A Guiding Principle for Ideation

The following quotes capture an important guiding principle – the critical need to thoughtfully generate various design options before converging on just one to develop fully.

From two-time Nobel laureate Linus Pauling. “If you want to have good ideas you must have many ideas. Most of them will be wrong, and what you have to learn is which ones to throw away.” [1]

From my textbook on product development: “The best design can only be identified in the context of multiple designs.” [2]

From the Harvard Business Review (paraphrased): Generally the first idea is not the final idea. Abandon the belief that you already have a good idea when you start designing. Allow the best idea to emerge through thoughtful ideation. [3]

Successful design professionals are guided by this principle. As a result, they treat ideation differently than novices do. To the professional, this principle has deep meaning that this article begins to uncover. 

If Superficially Embraced

While this guiding principle is useful, it can lead to two problems if only superficially embraced. Either problem will likely result in bad ideation.

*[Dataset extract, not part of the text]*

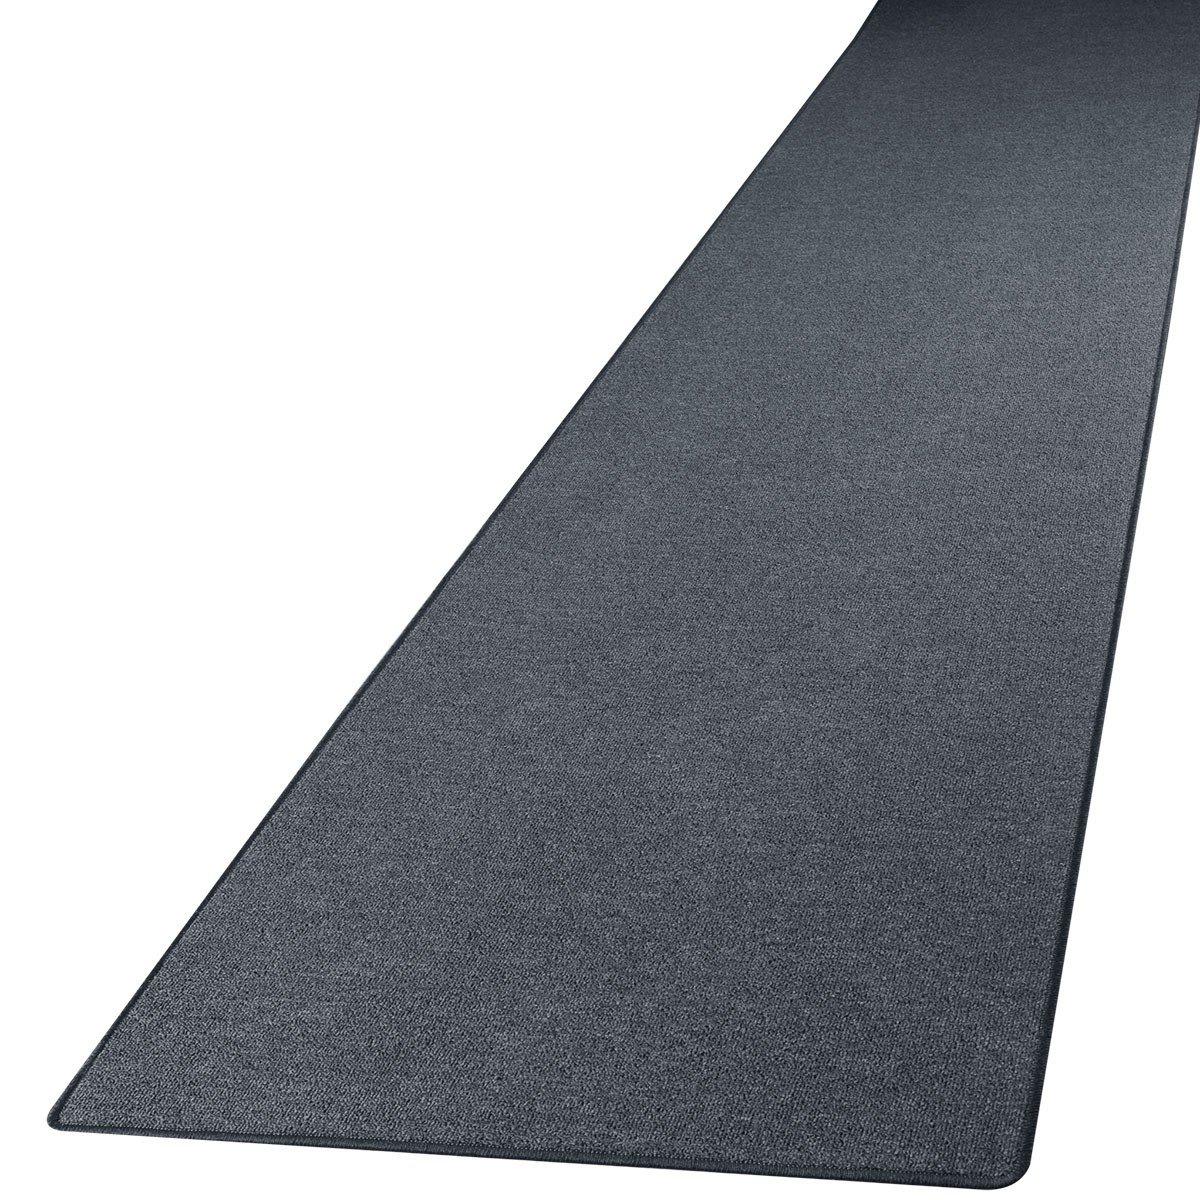 Läufer teppich  Schlingen Teppich Läufer Torronto Anthrazit nach Maß ...

• Problem 1: The casual designer agrees with the principle, but finds it sufficiently abstract to not really do anything about it. 

• Problem 2: The designer who transcends Problem 1 falsely concludes that they should focus on generating a large quantity of ideas. 

When one of these problems is present, the deeper meaning of the principle is lost and ideation effectiveness drops. We can uncover the deeper meaning by visualizing the ideation process in a particular way, which is described below.

Visualizing the Ideation Process

For any particular design problem, there are various ideas that could meet the design requirements. Such an idea is called a design concept. To visualize the ideation process, Imagine that a specific design concept occupies a unique point in a geometric space, as shown below [4].

Further imagine a collection of design concepts as a cloud of points in the same geometric space. 

The image above shows only a small number of design concepts, but it is useful to imagine the feasible design space, which is the full set of design concepts that could feasibly meet the requirements. Because there can essentially be an infinite number of solutions to any one problem, the feasible design space is often represented as a solid nebulous blob in the geometric space. 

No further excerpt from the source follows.